▶ [THE RECORDS]:
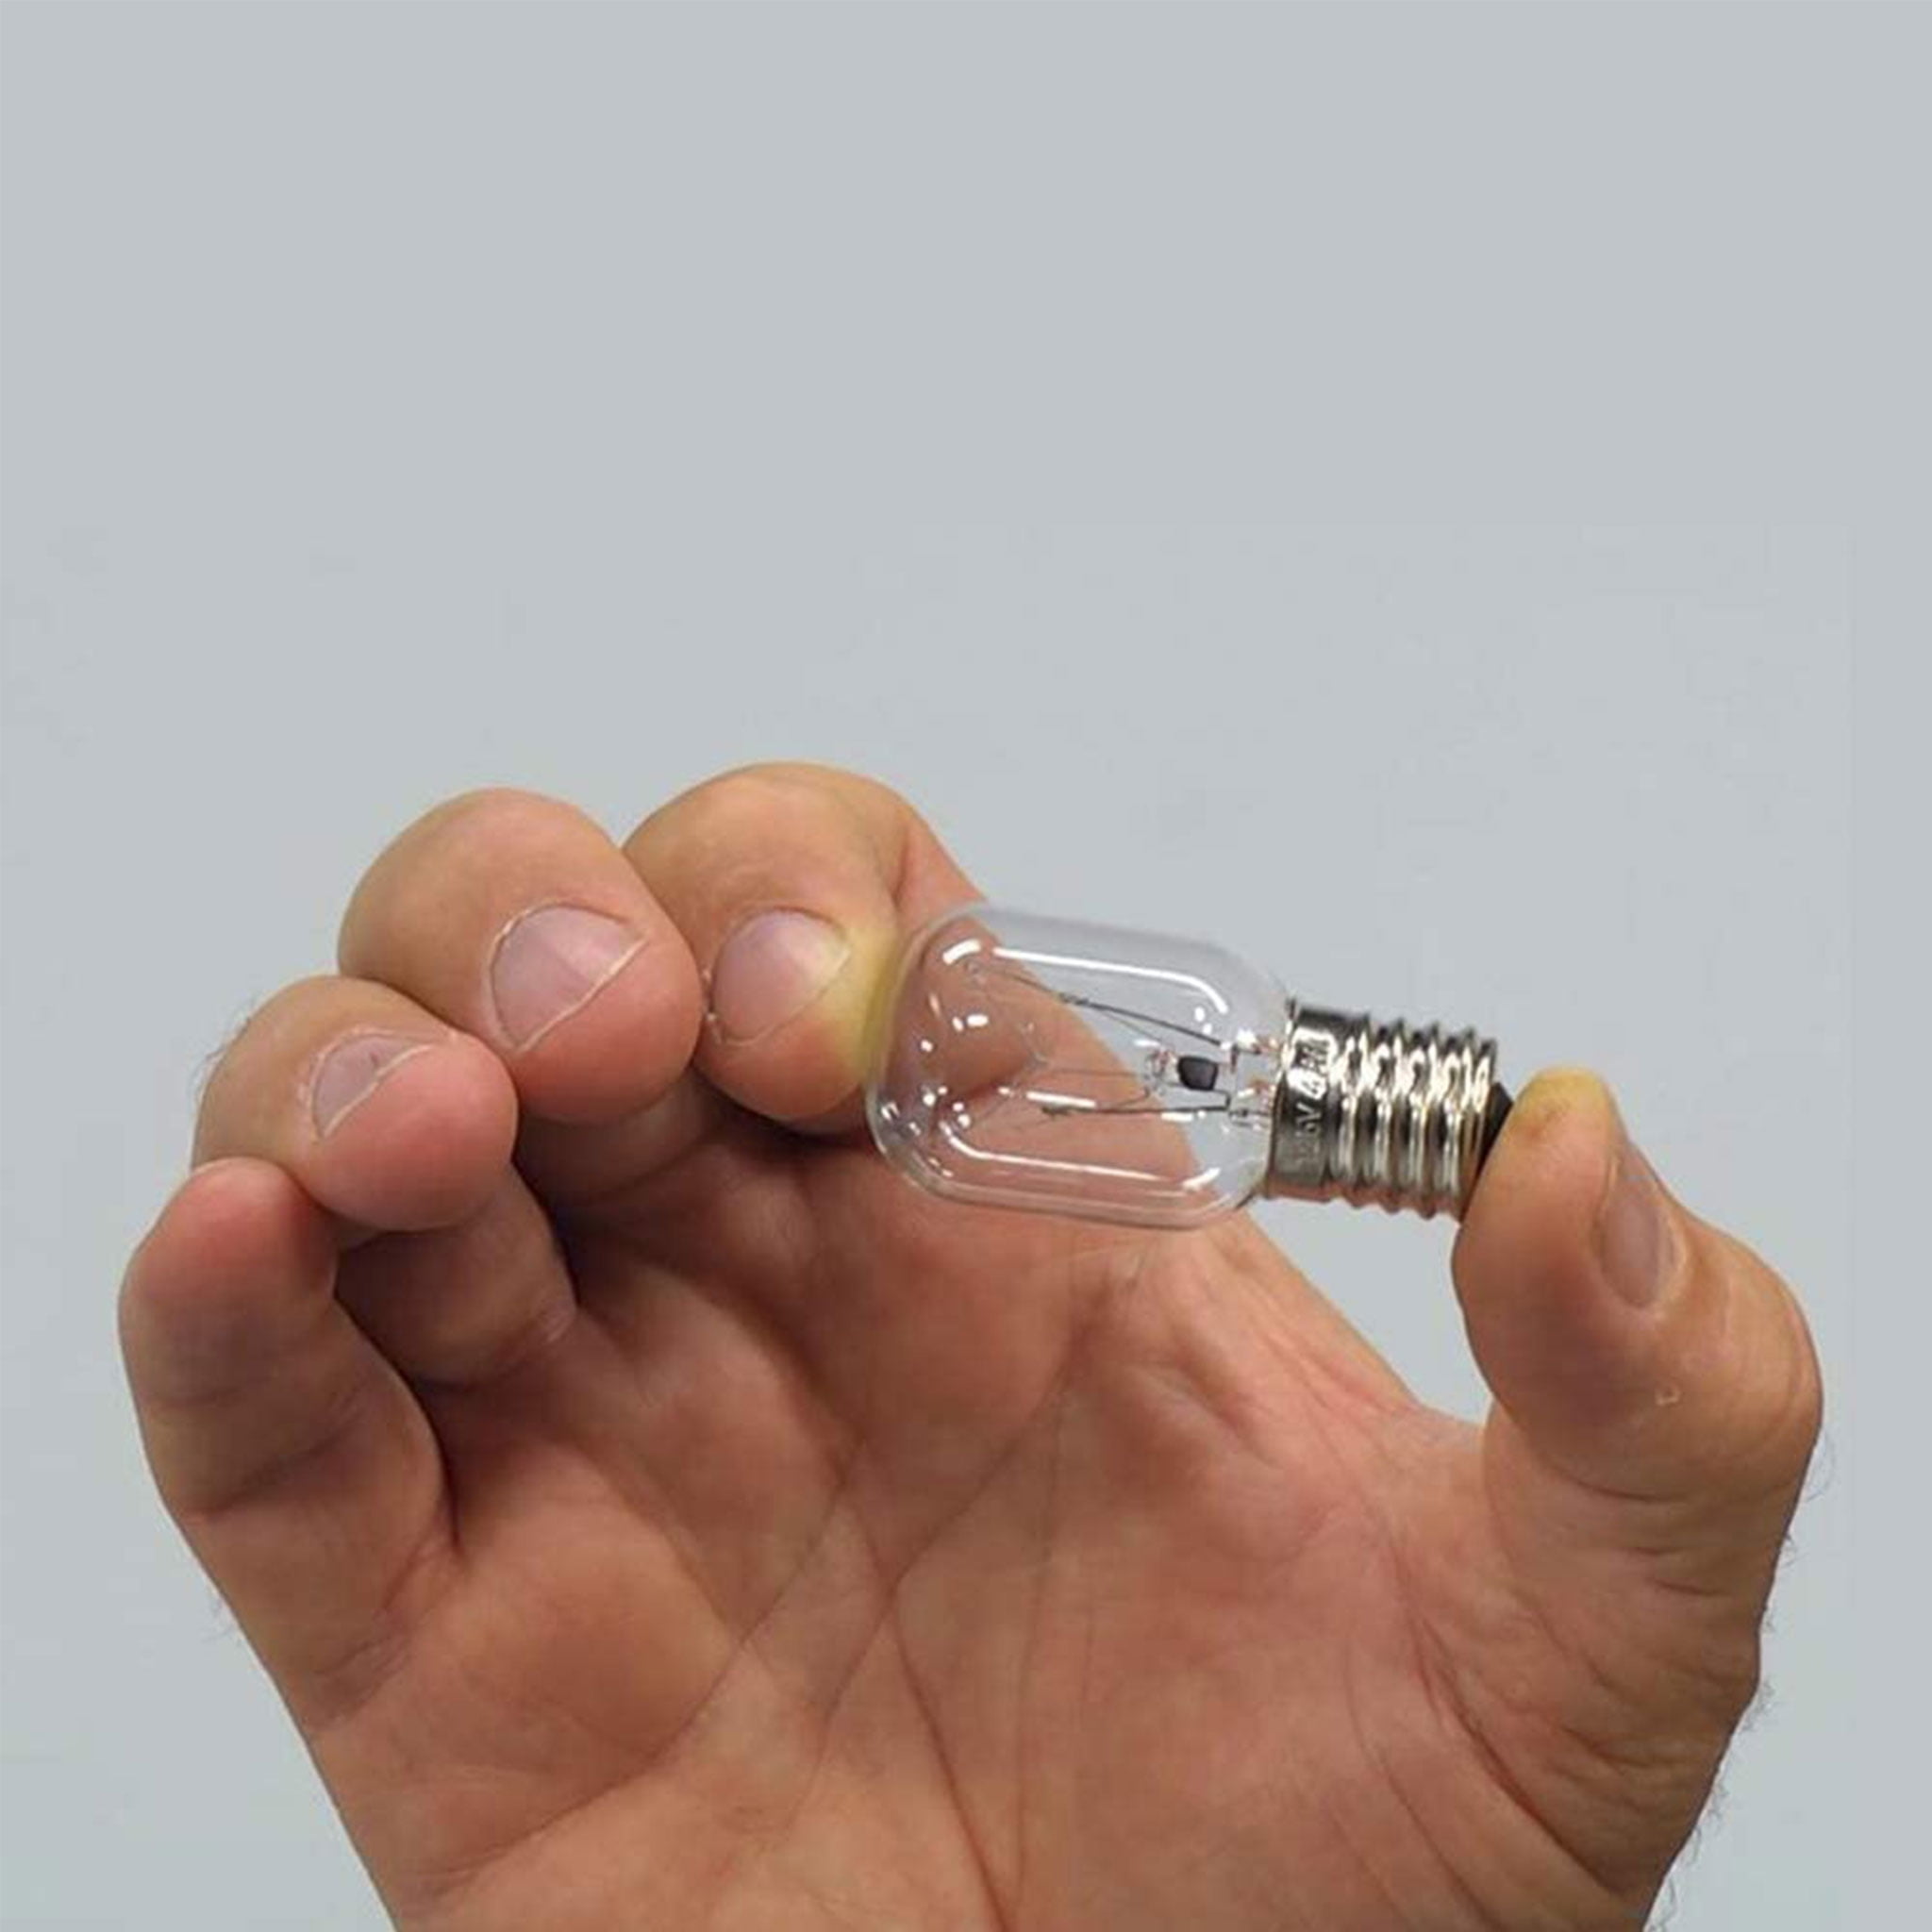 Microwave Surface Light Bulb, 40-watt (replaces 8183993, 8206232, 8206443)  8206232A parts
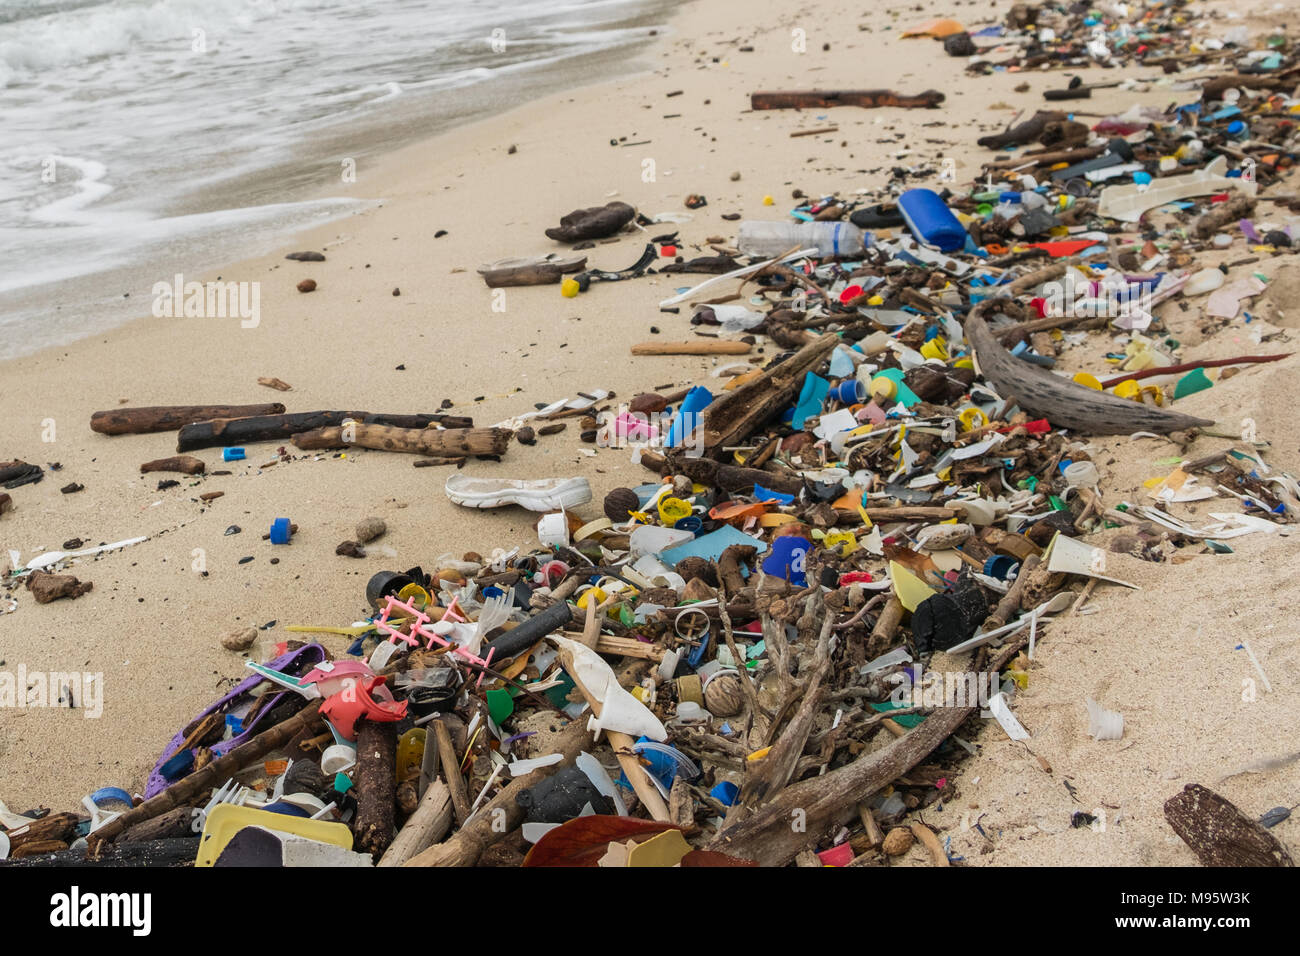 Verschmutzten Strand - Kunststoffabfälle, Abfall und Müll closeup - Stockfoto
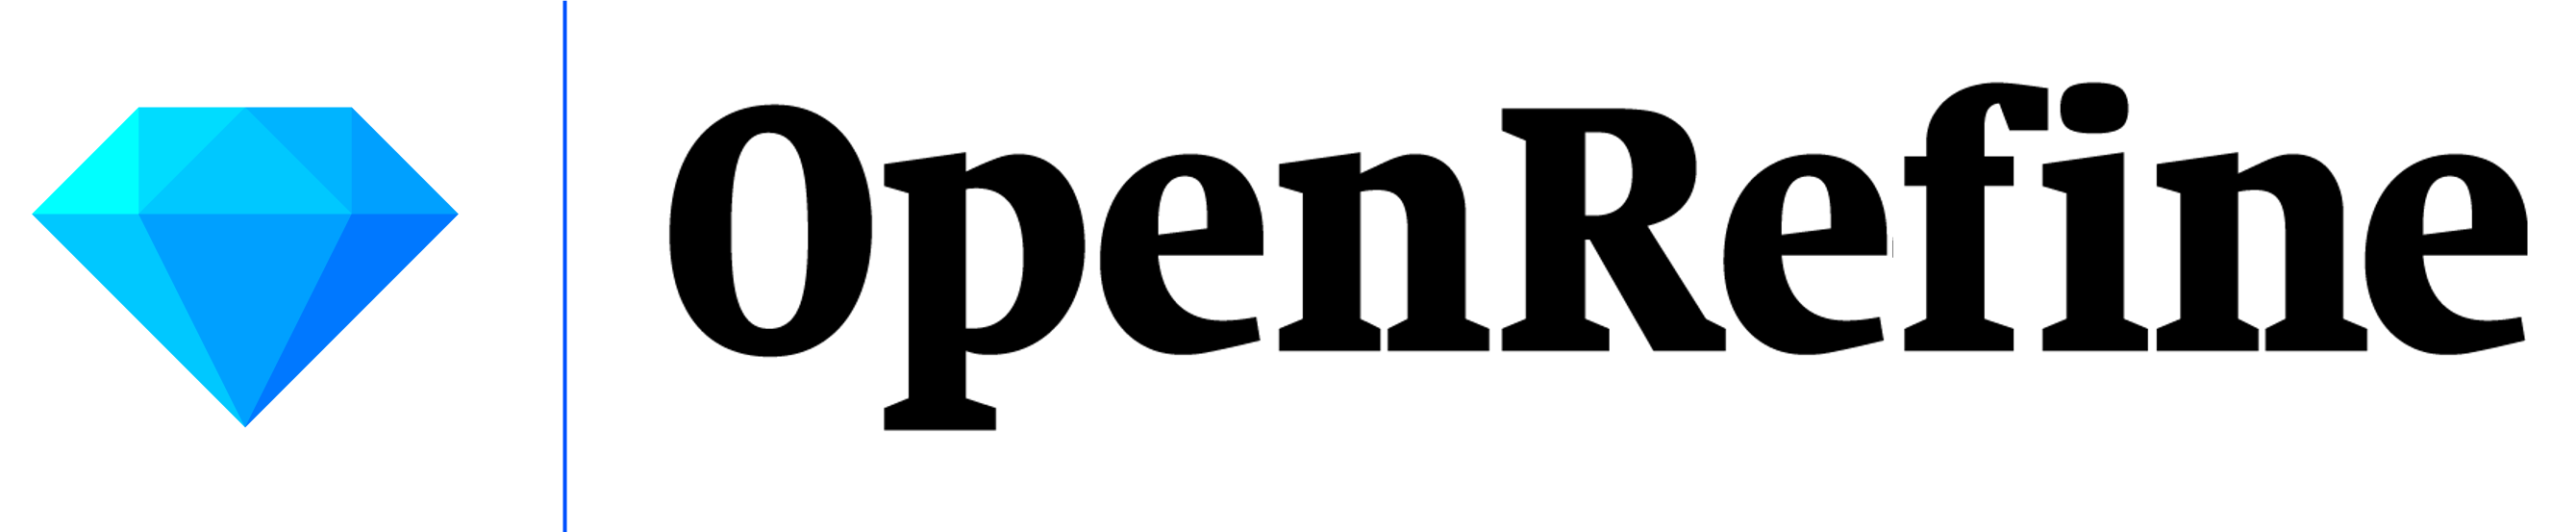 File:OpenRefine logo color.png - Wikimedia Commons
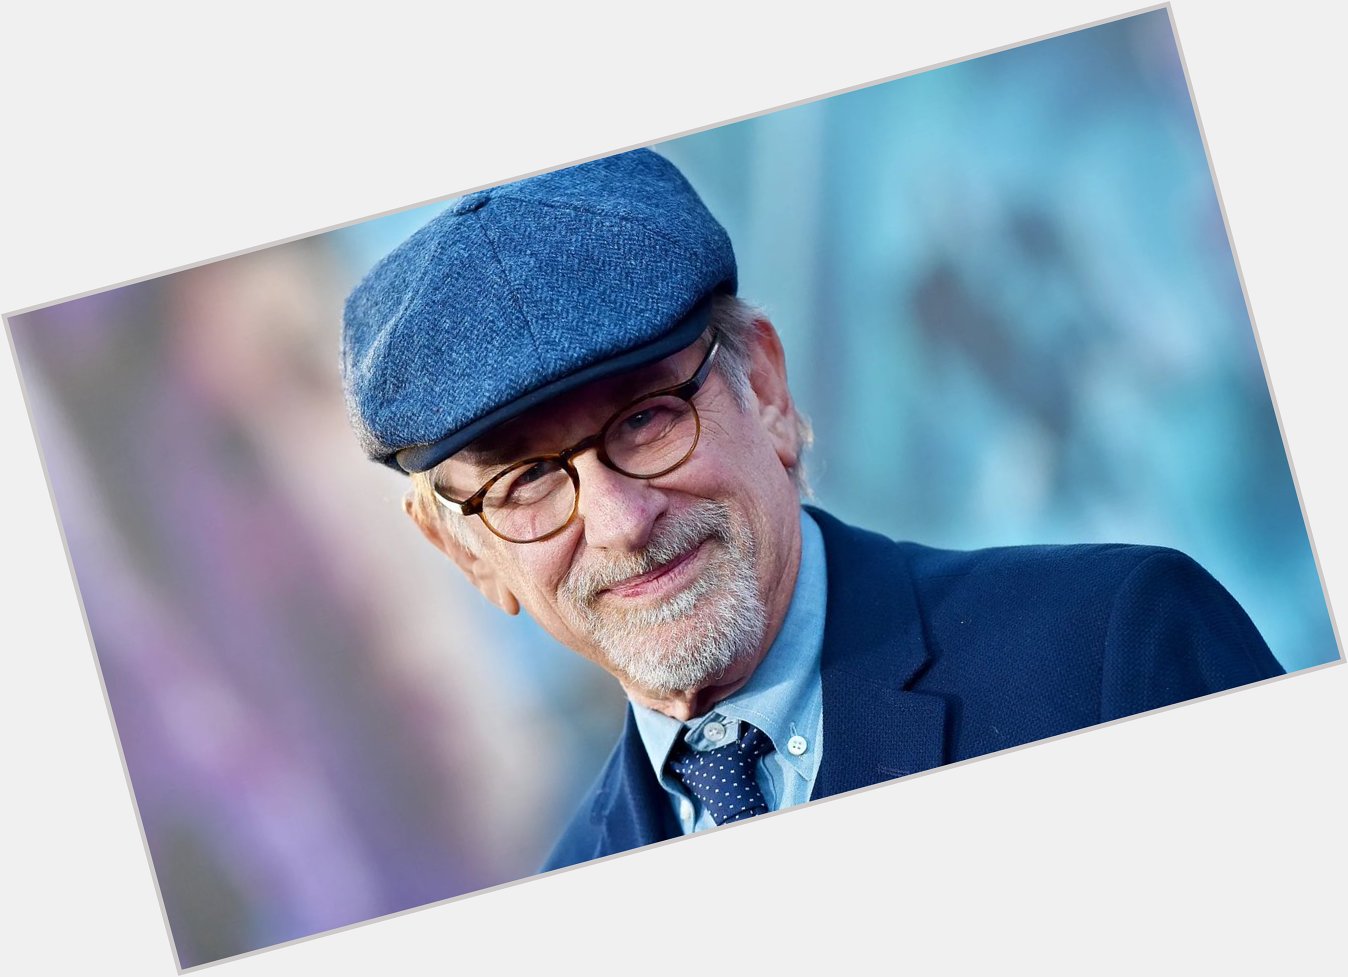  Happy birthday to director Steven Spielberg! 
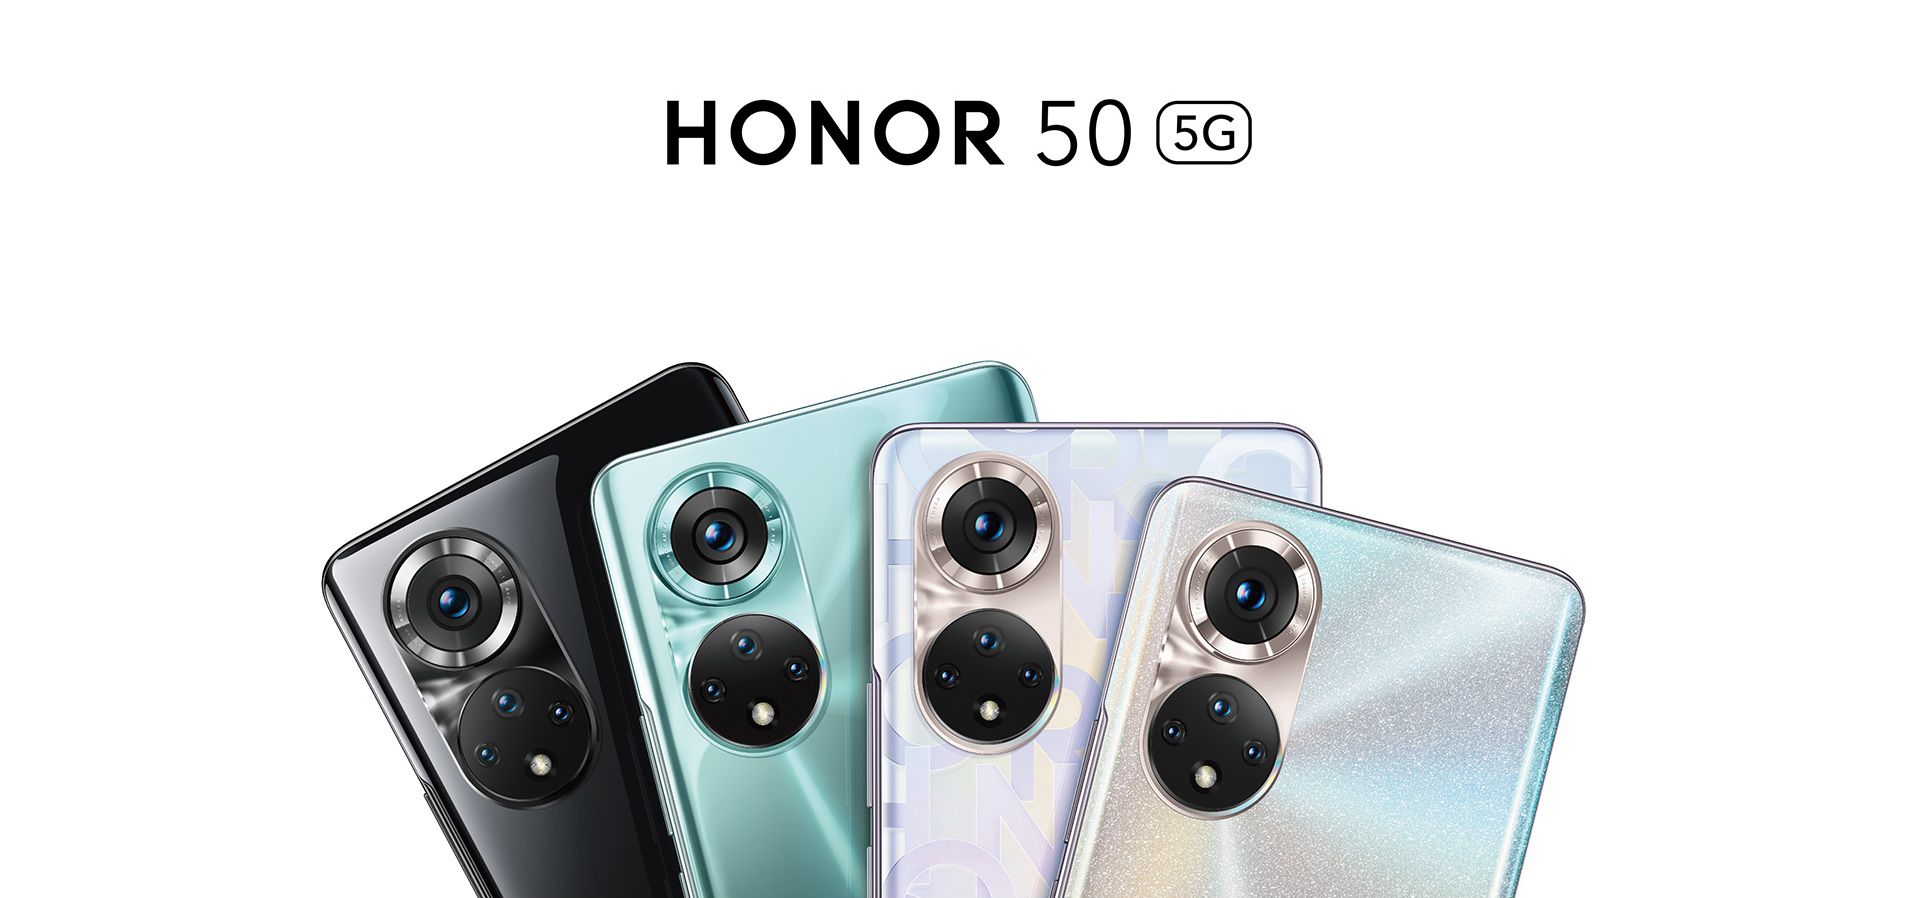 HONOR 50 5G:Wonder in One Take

▶ [PROBLEM DETAILS]: Restate word for word the lines running from the one with "Happy birthday to" to the end of the entries; pictures are to be left out.

▶ [YOUR SOLUTION]:
  Happy birthday to director Steven Spielberg! 
 HONOR 50 5G:Wonder in One Take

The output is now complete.